A more useful illustration is the Chinese Communist Party's (CCP) attitude
towards civil society (per Wikipedia, " _the aggregate of non-governmental
organizations and institutions that manifest interests and will of citizens_
"), it must be extremely limited and restrained, and there are no extremes
including mass murder to which the CCP is not willing to go to keep it that
way. See the Falun Gong for the most recent severe example, and I've noticed
recent headlines WRT to some Christian "sect" and 1,000 people arrested.

No doubt the CCP knows their history, see for example the
[https://en.wikipedia.org/wiki/Red_Turban_Rebellion](https://en.wikipedia.org/wiki/Red_Turban_Rebellion)
and the general history of the
[https://en.wikipedia.org/wiki/White_Lotus](https://en.wikipedia.org/wiki/White_Lotus)
, and that their control of their sprawling mainland empire is fragile, as it
also historically has been.

In that context, smartphones, which can communicate in ways less subject to
surveillance than say SMS, are an existential threat to the CCP, potentially
as dangerous as guns.

------
adventured
The article makes a giant leap right from the get-go:

"As China becomes, again, the world's largest economy, it wants the respect it
enjoyed in centuries past. But it does not know how to achieve or deserve it"
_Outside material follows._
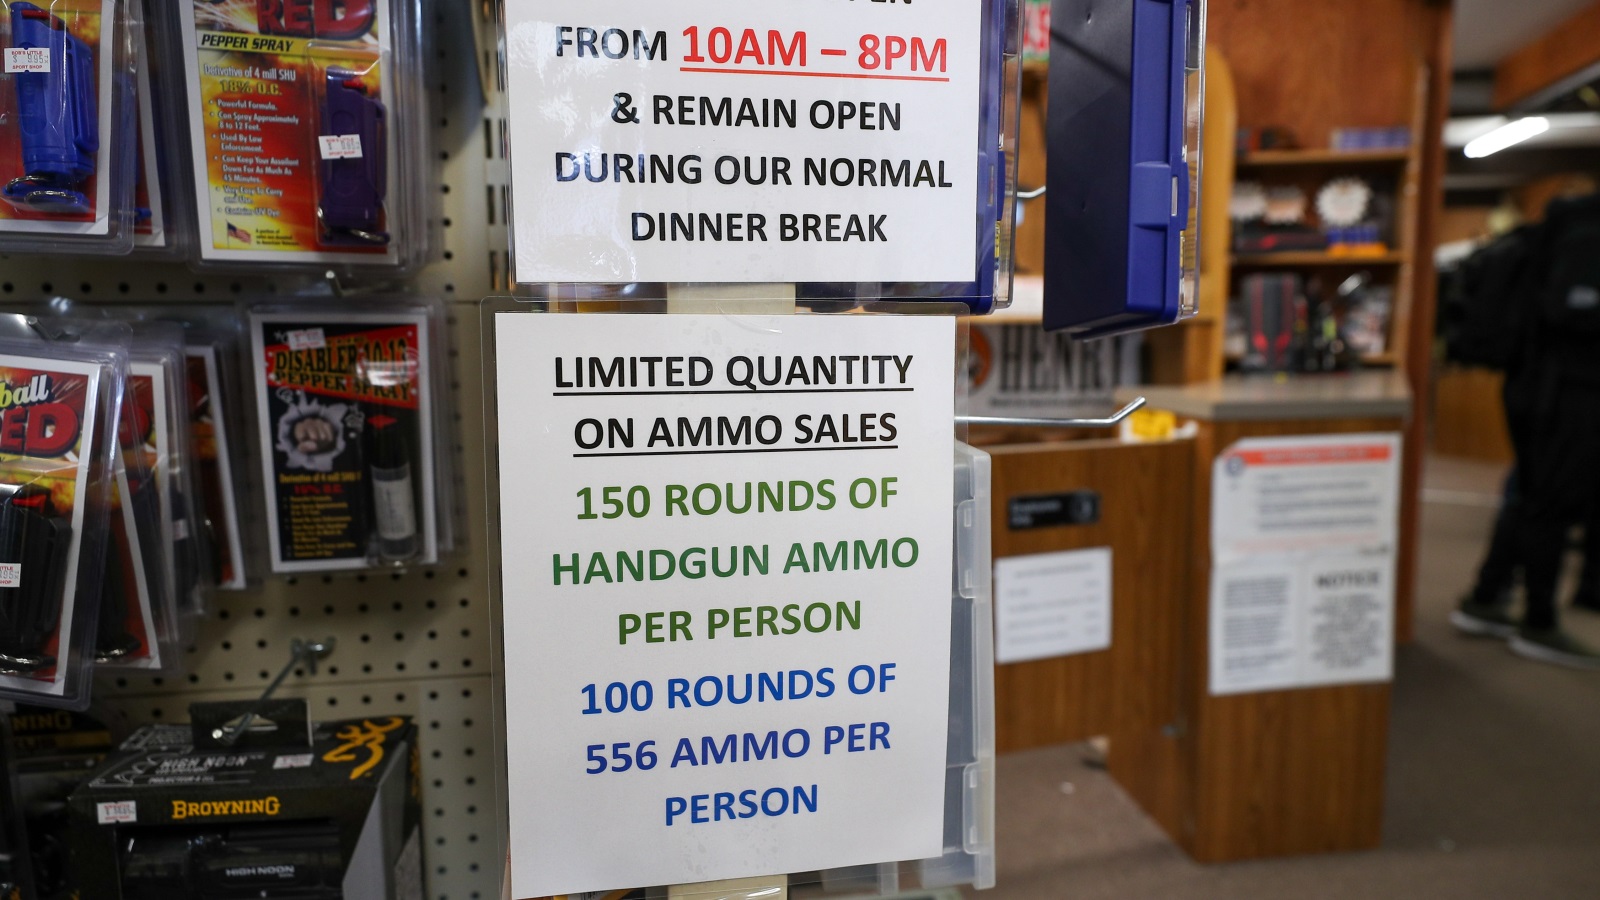 ‪محل لبيع الأسلحة يشير إلى  أن لديه كميات محدودة منها‬ محل لبيع الأسلحة يشير إلى  أن لديه كميات محدودة منها (الأناضول)

In 1990 we would have been talking about Japan becoming the largest economy
instead.

Turns out there are a lot of problems between here and there. For example,
China is at a point where they're unable to grow their economy without taking
on ever increasing amounts of debt. That has resulted in one of the greatest
debt binges in world history in the last six years.

I'd argue it's far more likely China will see stagnation, and extremely
challenging growth, over the next 30 years as a consequence of what they're
doing to fake growth now, rather than see continual boom. Wherever China stops
in their vast debt accumulation, the bill that will go along with it is going
to be historical in scale. That will drag on their growth in a dramatic way
for decades.

The Chinese boom ended in 2007/08\. In the next few decades it will be very
difficult for them to achieve even 3% to 4% real GDP growth. What is basically
going to happen, is normalization. It seems to be a perpetual cycle of
analysts and economists making terribly poor extrapolations for future
outcomes based on temporary boom periods that originate from extreme lows.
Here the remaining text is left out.